Consul
xDS load balancing in Consul
⚠️⚠️⚠️⚠️⚠️⚠️⚠️⚠️⚠️⚠️⚠️⚠️
[!IMPORTANT] Documentation Update: Product documentation previously located in
/websitehas moved to thehashicorp/web-unified-docsrepository, where all product documentation is now centralized. Please make contributions directly toweb-unified-docs, since changes to/websitein this repository will not appear on developer.hashicorp.com. ⚠️⚠️⚠️⚠️⚠️⚠️⚠️⚠️⚠️⚠️⚠️⚠️
This page explains how enable_xds_load_balancing distributes xDS streams across Consul servers, when to enable it, and when to leave it disabled.
Overview
In a service mesh deployment, each sidecar Envoy (or Consul dataplane) maintains a long-lived xDS stream to the Consul control plane. In multi-server clusters, these streams should be spread across healthy servers so one server does not become a bottleneck.
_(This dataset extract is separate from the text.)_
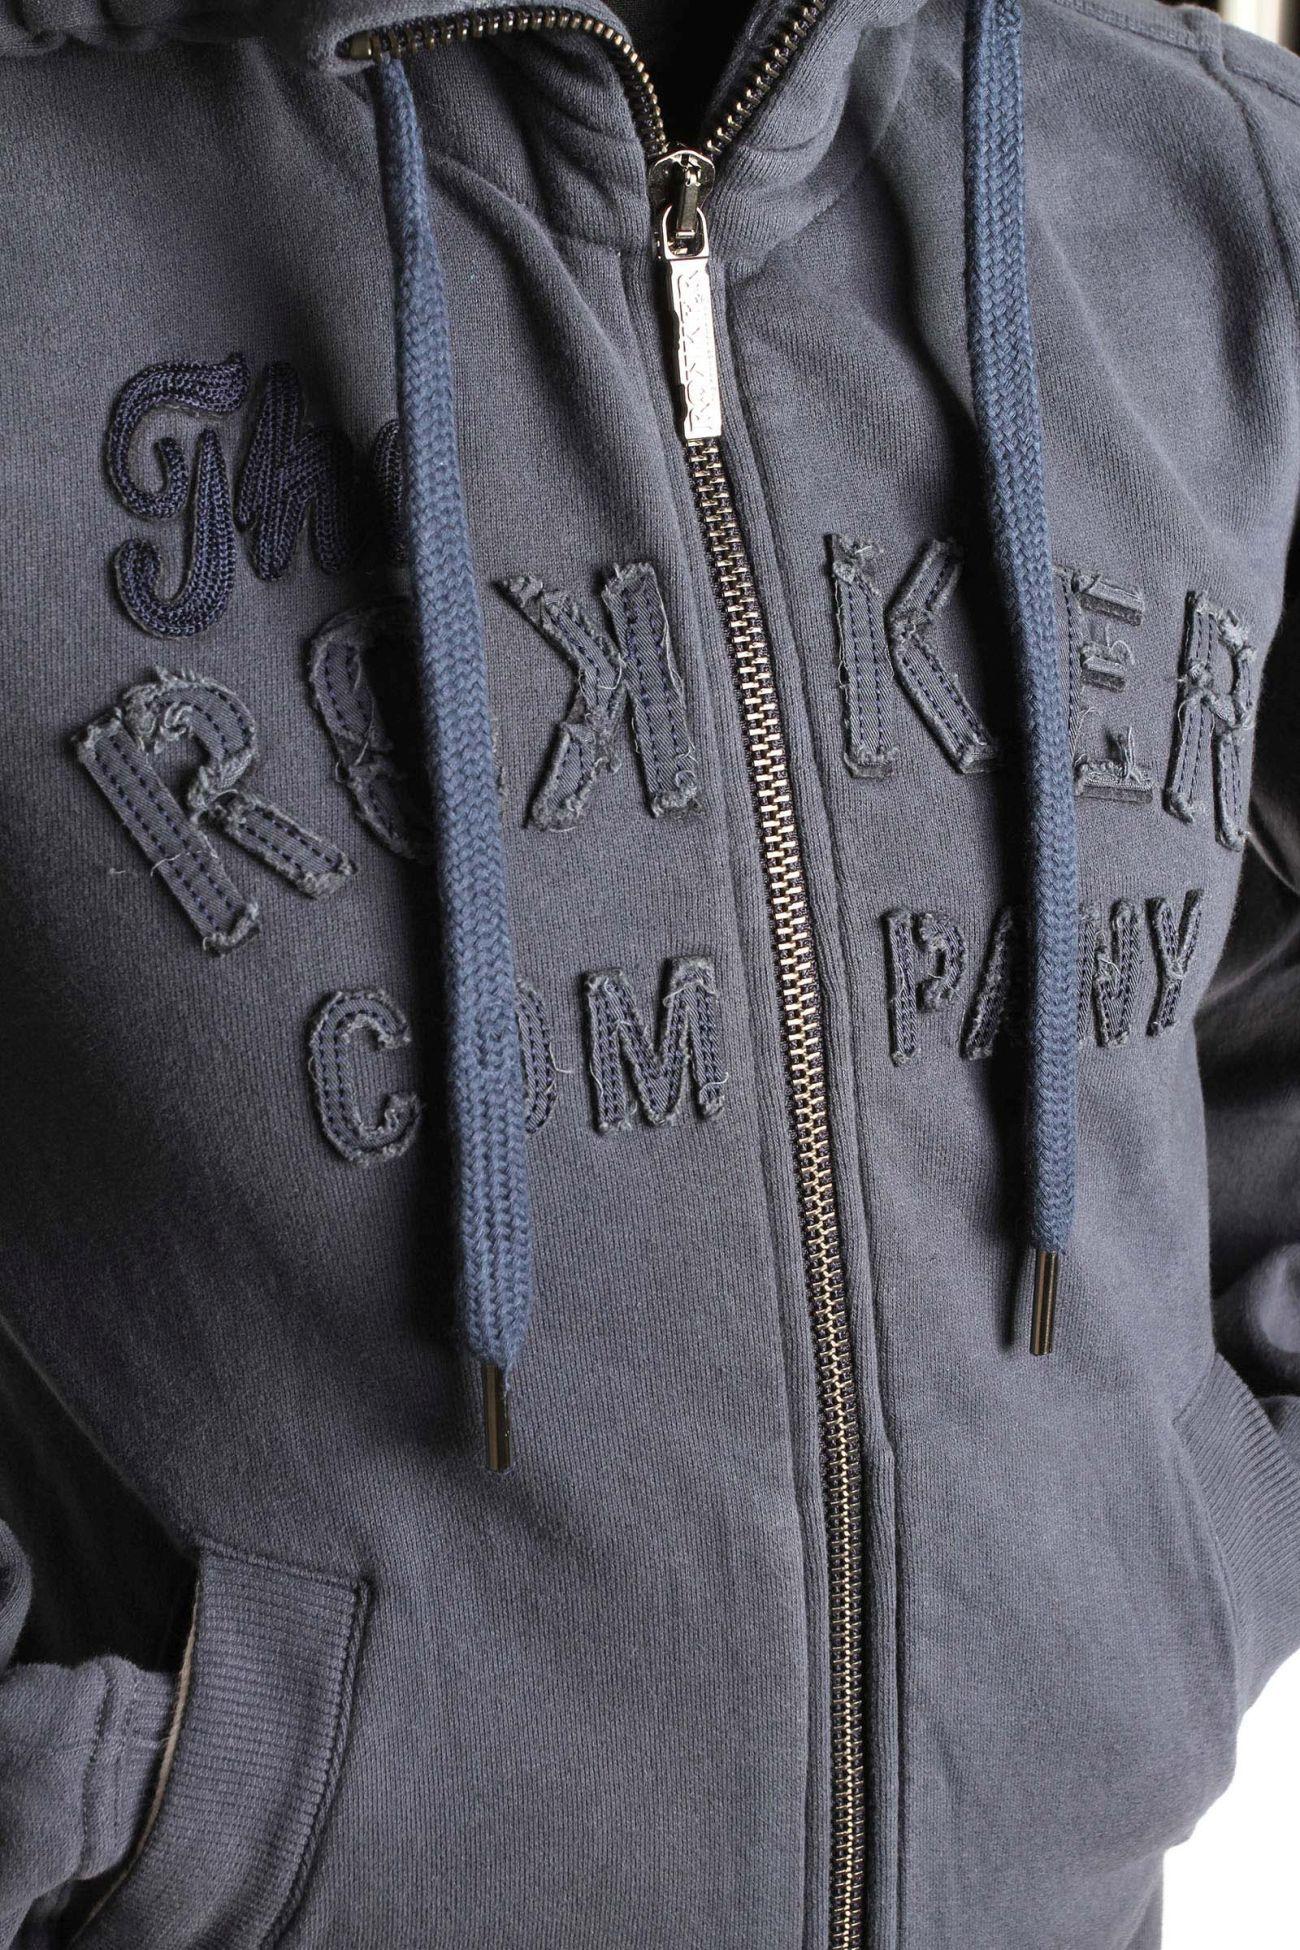 c6b07c48de3948 ... Rokker Rokker Womens Zip Hoodie TRC, dark navy - C5100208 ...

When enable_xds_load_balancing is enabled, each server enforces a stream limit based on cluster size and connected proxy count. If the server is above its limit, it rejects new streams so clients reconnect to another server.
Why this matters
Without xDS load balancing, one server can receive a disproportionate number of streams. This can cause:
- Uneven resource utilization across servers.
- Higher update latency for impacted proxies.
- Larger blast radius if the overloaded server fails.
With xDS load balancing enabled, stream distribution remains closer to even during steady-state operations and cluster changes.
Configure enable_xds_load_balancing
The default value is false. You must explicitly set it to true to enable this behavior.
VM and bare metal servers
performance {
enable_xds_load_balancing = true
}
To disable, either omit the field or set:
performance {
enable_xds_load_balancing = false
}
Kubernetes (Helm)
Set the value through server.extraConfig:
server:
extraConfig: |
{
"performance": {
"enable_xds_load_balancing": true
}
}
How balancing works
Each server computes a maximum stream count from:
- Total number of mesh proxies in the catalog.
- Number of healthy Consul servers.
- A 10% buffer to reduce churn during normal fluctuations.
If a new xDS connection arrives when the server is over its limit, the server returns RESOURCE_EXHAUSTED and asks the client to try another server.
The limit updates automatically when:
- Proxy services are added or removed.
- Servers join, leave, or become unhealthy.
Deployment guidance
Recommended: Consul dataplane with server discovery
When dataplanes discover servers dynamically, they can retry another server when they receive a load balancing rejection. In this model, enable xDS load balancing.
External layer-4 load balancer in front of Consul servers
If you front servers with an external load balancer (NLB, HAProxy, Envoy Gateway), keep enable_xds_load_balancing = false and let the load balancer distribute connections.
Single static server address (not recommended)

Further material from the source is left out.